One final simplification in the present model is our reduction of the central pattern generator (CPG) to a square-wave generator whose phase could be reset by intra-joint feedback. CPGs are important to form a complete motor program. When an animal is running fast, it apparently depends on central patterns for proper coordination. However, when insects walk more slowly, sensory feedback can very strongly affect a CPG’s phase [(Akay et al. 2001, 2004, 2007; Hess and Büschges 1999), for a review see (Bidaye et al. 2017)]. This is likely the case because when a CPG’s central drive is low, its phase is more easily adjusted by sensory inputs (Shaw et al. 2015; Szczecinski et al. 2017a).
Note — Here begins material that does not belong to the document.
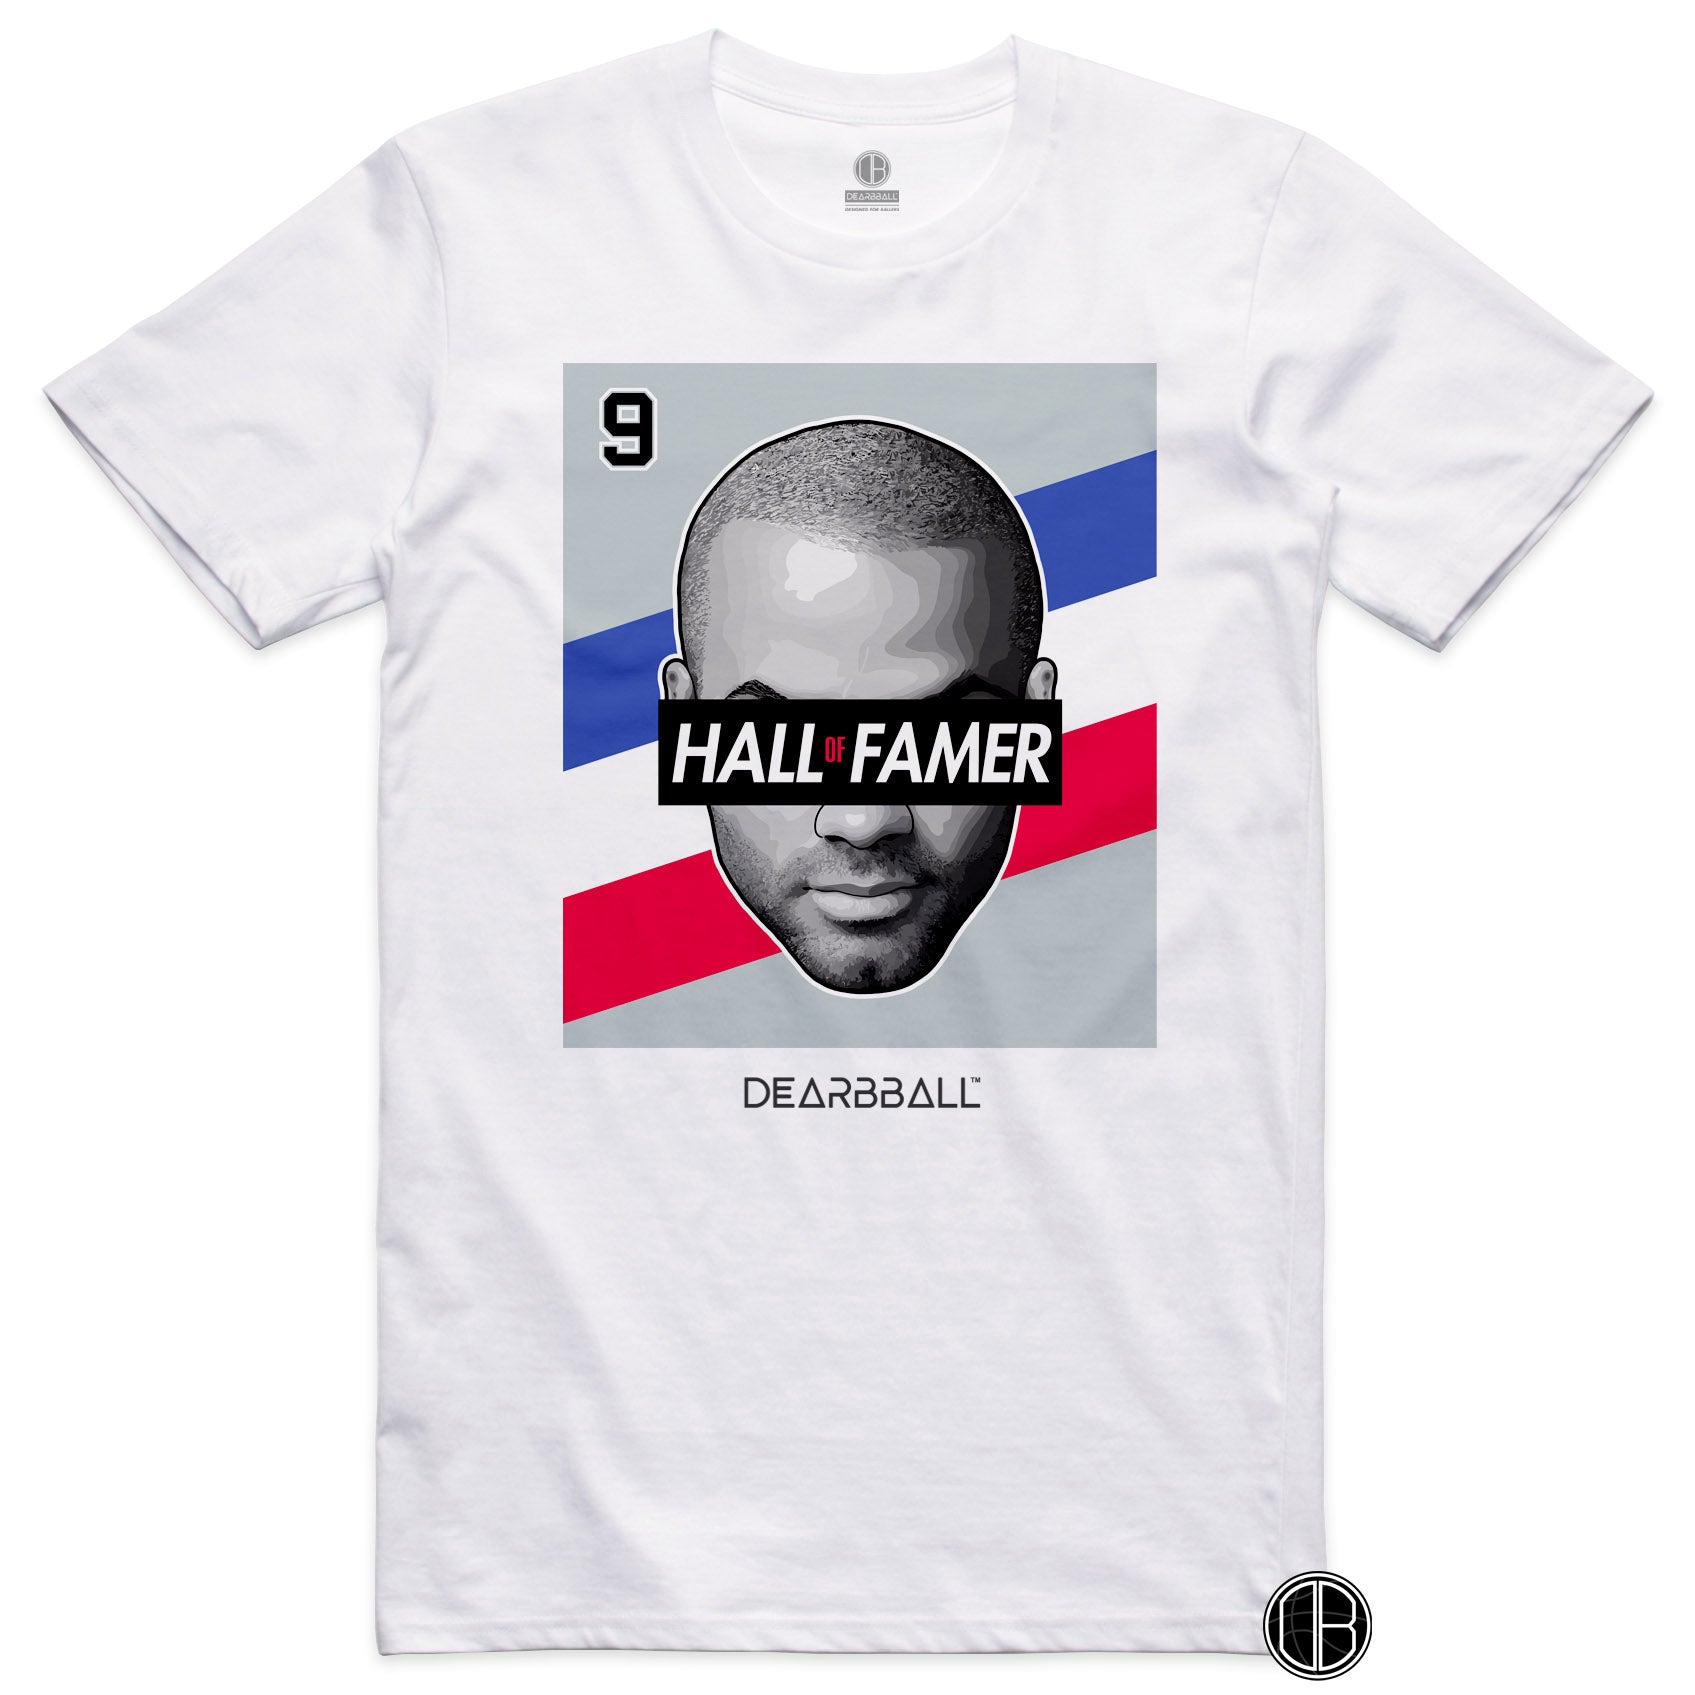 Camiseta DearBBall - HALL of FAMER 9 Francia
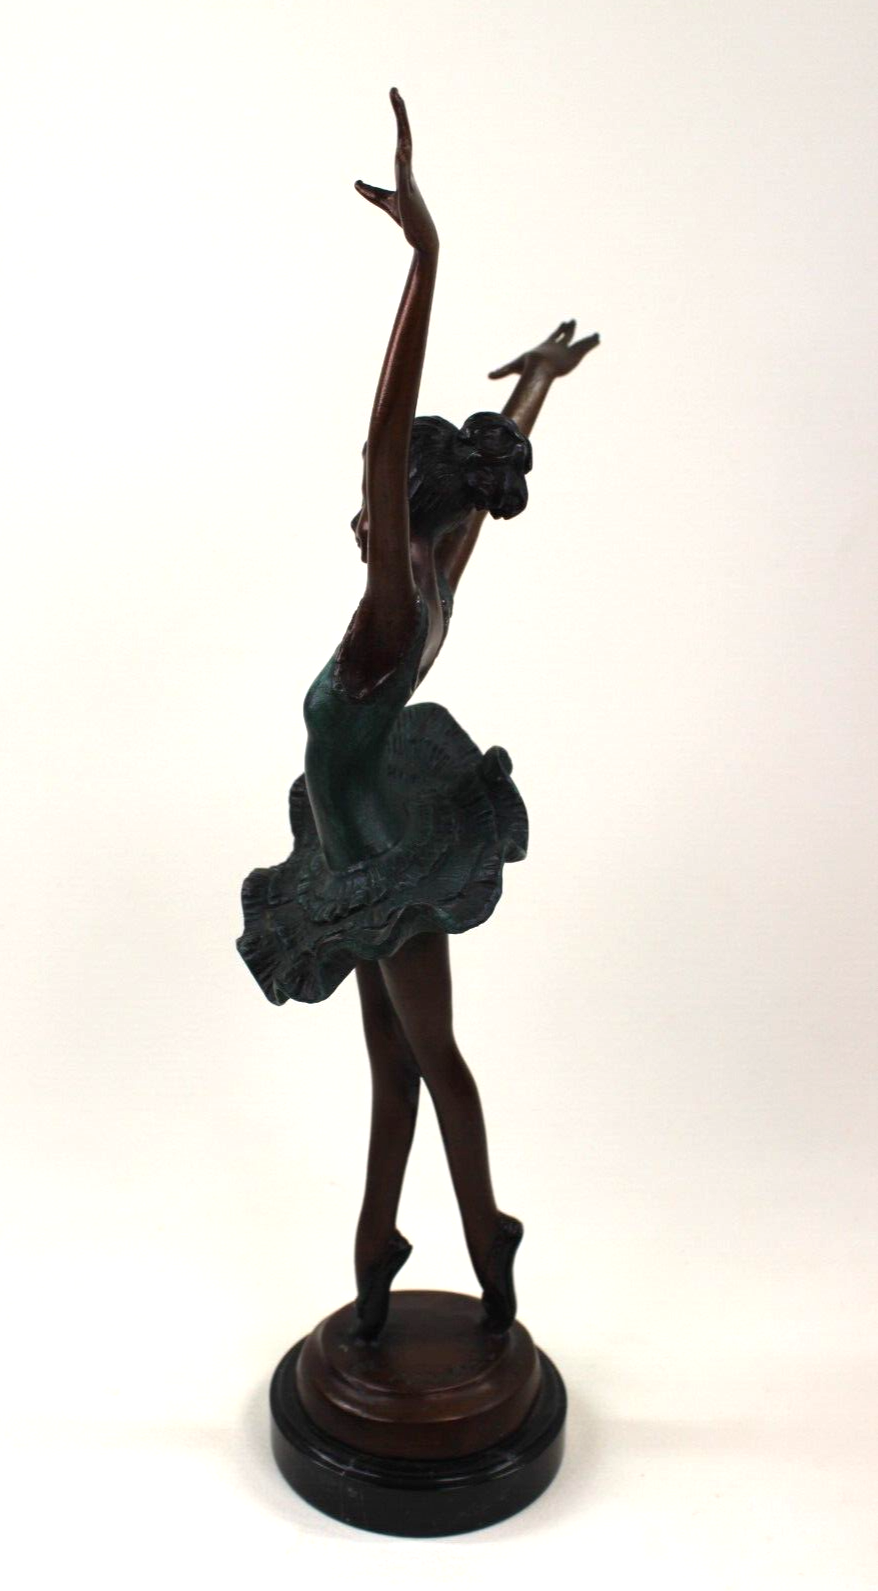 Pierre le faguays a fayral bronze ballerina art de sculpture h

This effect is even evident in fast running insects like cockroaches when they walk at lower speeds, during which their coordination patterns are less coordinated, suggesting less reliance on central patterns and more reliance on sensory feedback (Bender et al. 2011). Therefore, in this study, the CPG is formulated simply as a switch whose state is flipped by sensory feedback.

The behavior of CPGs and how to model it is a rich field, but outside the scope of this work (for a review, see (Bidaye et al. 2017)). However, our group has extensive experience in designing and tuning biologically based CPG architectures, and their responses to sensory entrainment (Deng et al. 2019; Szczecinski and Quinn 2017a; Szczecinski et al. 2017a). We believe that we can map the behavior shown in this paper onto a more detailed neural architecture that more accurately reflects the structure of the nervous system.

Application to robotics Insects are capable walkers. As such, they have served as the models for many walking robots (for reviews, see (Buschmann et al. 2015; Ritzmann et al. 2000). However, the scaling of robots and the insects they mimic often differ, leading to a mismatch in the control strategy (Hooper 2012). This mismatch could be overcome by building a robot with viscoelastic forces scaled to produce the same passive mechanical dynamics, even with its much larger inertia, such as our group’s robot DrosophiBot (Goldsmith et al. 2019). Such a robot could then apply the control strategy presented here, with simulated muscle fibers whose time constants are long for timescale of the robot. This would represent a more thorough test of this system than described in this paper, requiring that this strategy be generalized to all of the joints in all of the legs. In our group’s previous work, we performed a similar generalization, demonstrating how all of the leg joints in the body might undergo “reflex reversals” when the animal walks in paths of varying curvature (Szczecinski and Quinn 2017b). We believe we could follow a similar process with this control structure, wherein we take a structure informed by biology, apply it to all of the leg joints in a robot, and then tune the structure differently for each joint, depending on the role it plays in locomotion or posture. Such an approach seems likely to work, given the success we had applying the control structure in this paper to vastly different leg segments.